Several fronts: decent tyres (properly inflated if punctures were snakebites), find cause of puncture and remove, carry more tubes, carry self adhesive patches, even carry patches and glue, carry spare tyre and if puncturing, use that immediately and find the problem in the original tyre at the next (in warmth and light) control/stop. A bike shop, even if you can wait hours, may not be there/open next time.


----------



## Ming the Merciless (13 May 2019)

Yep eTrex are great. Latest AA rechargeables will cover you for a 600km Audax. Don't bother plugging use into anything external. Just keep it all watertight and carry a spare set of rechargeable AAs to cover you up to 1000km. In an emergency get more spare AA from a garage.

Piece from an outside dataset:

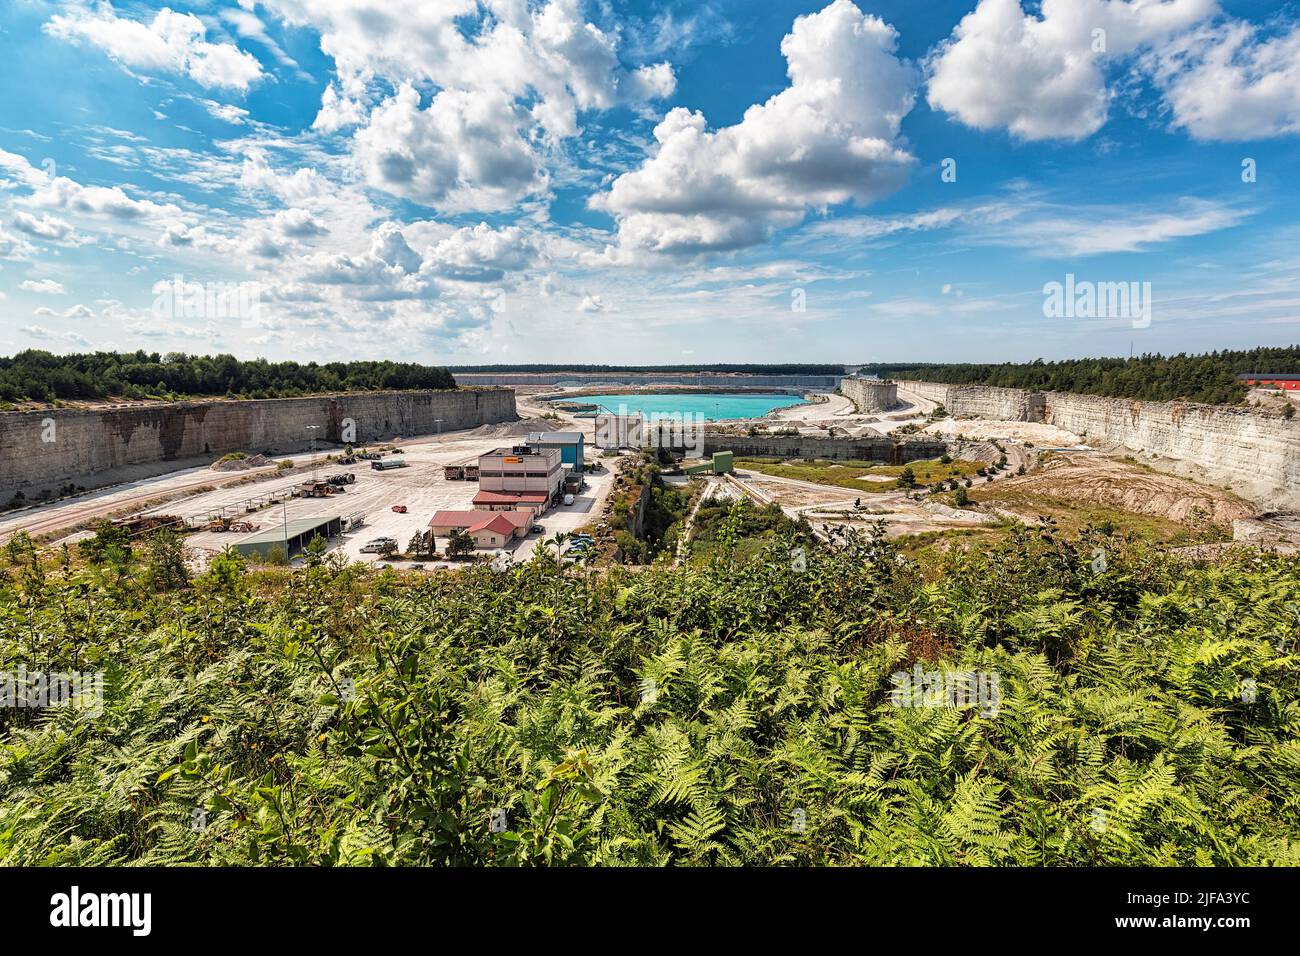 Zone de carrières de calcaire, point de vue de la carrière, production de ciment, usine de ciment Cementa, SLite, île Gotland, Suède Banque D'Images
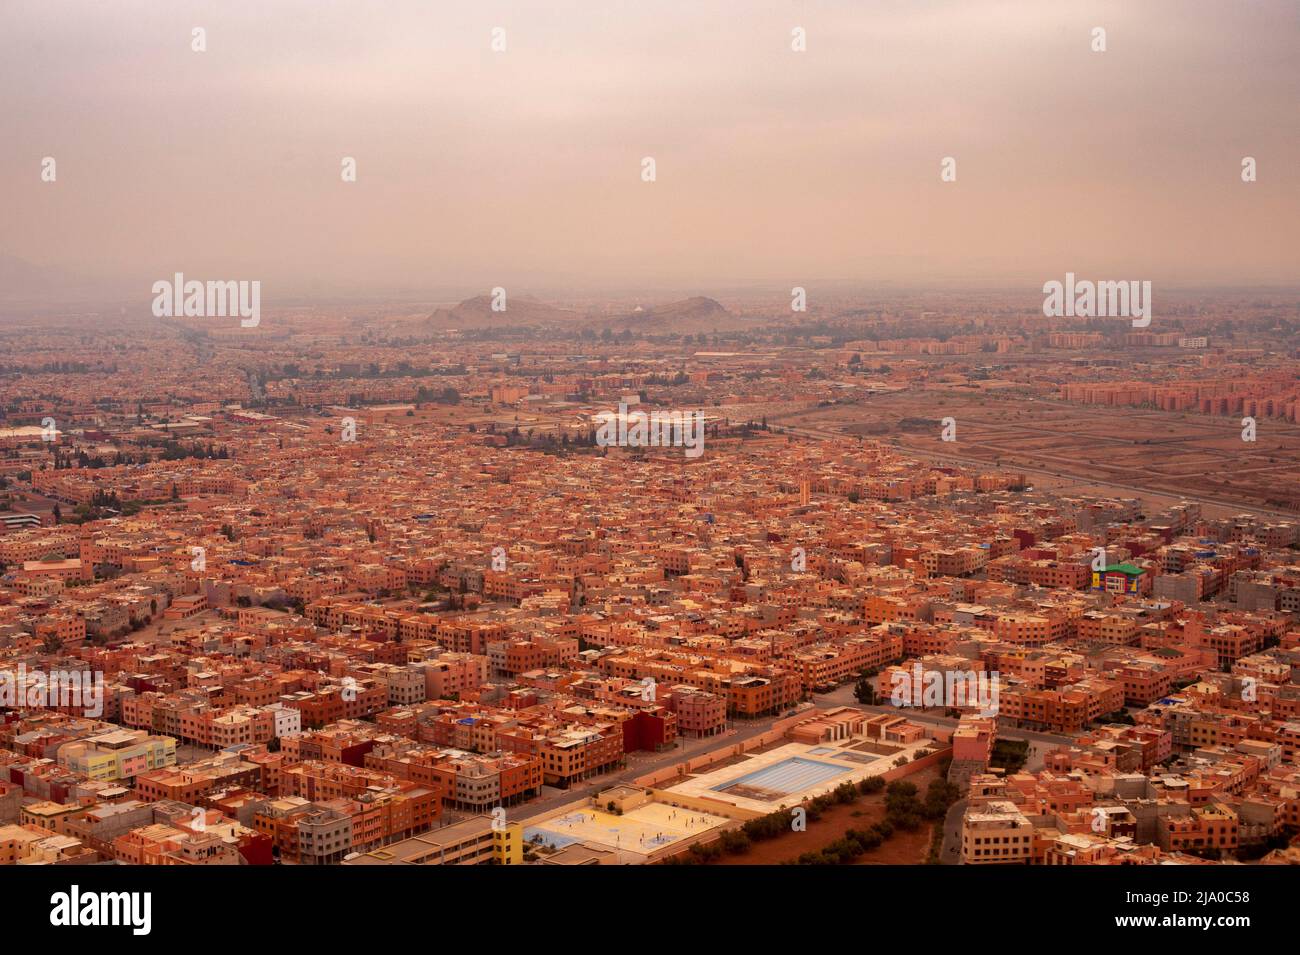 Marrakesch von oben gesehen. Marrakesch, Marokko. Stockfoto

Less is more when it comes to GPS mapping whilst riding.


----------



## Dogtrousers (13 Jun 2019)

YukonBoy said:


> Yep eTrex are great. Latest AA rechargeables will cover you for a 600km Audax. Don't bother plugging use into anything external. Just keep it all watertight and carry a spare set of rechargeable AAs to cover you up to 1000km. In an emergency get more spare AA from a garage.
> 
> Less is more when it comes to GPS mapping whilst riding.


Provided, of course, that your spare rechargeables are actually charged up, that is.

Although only a complete fool would make that mistake


----------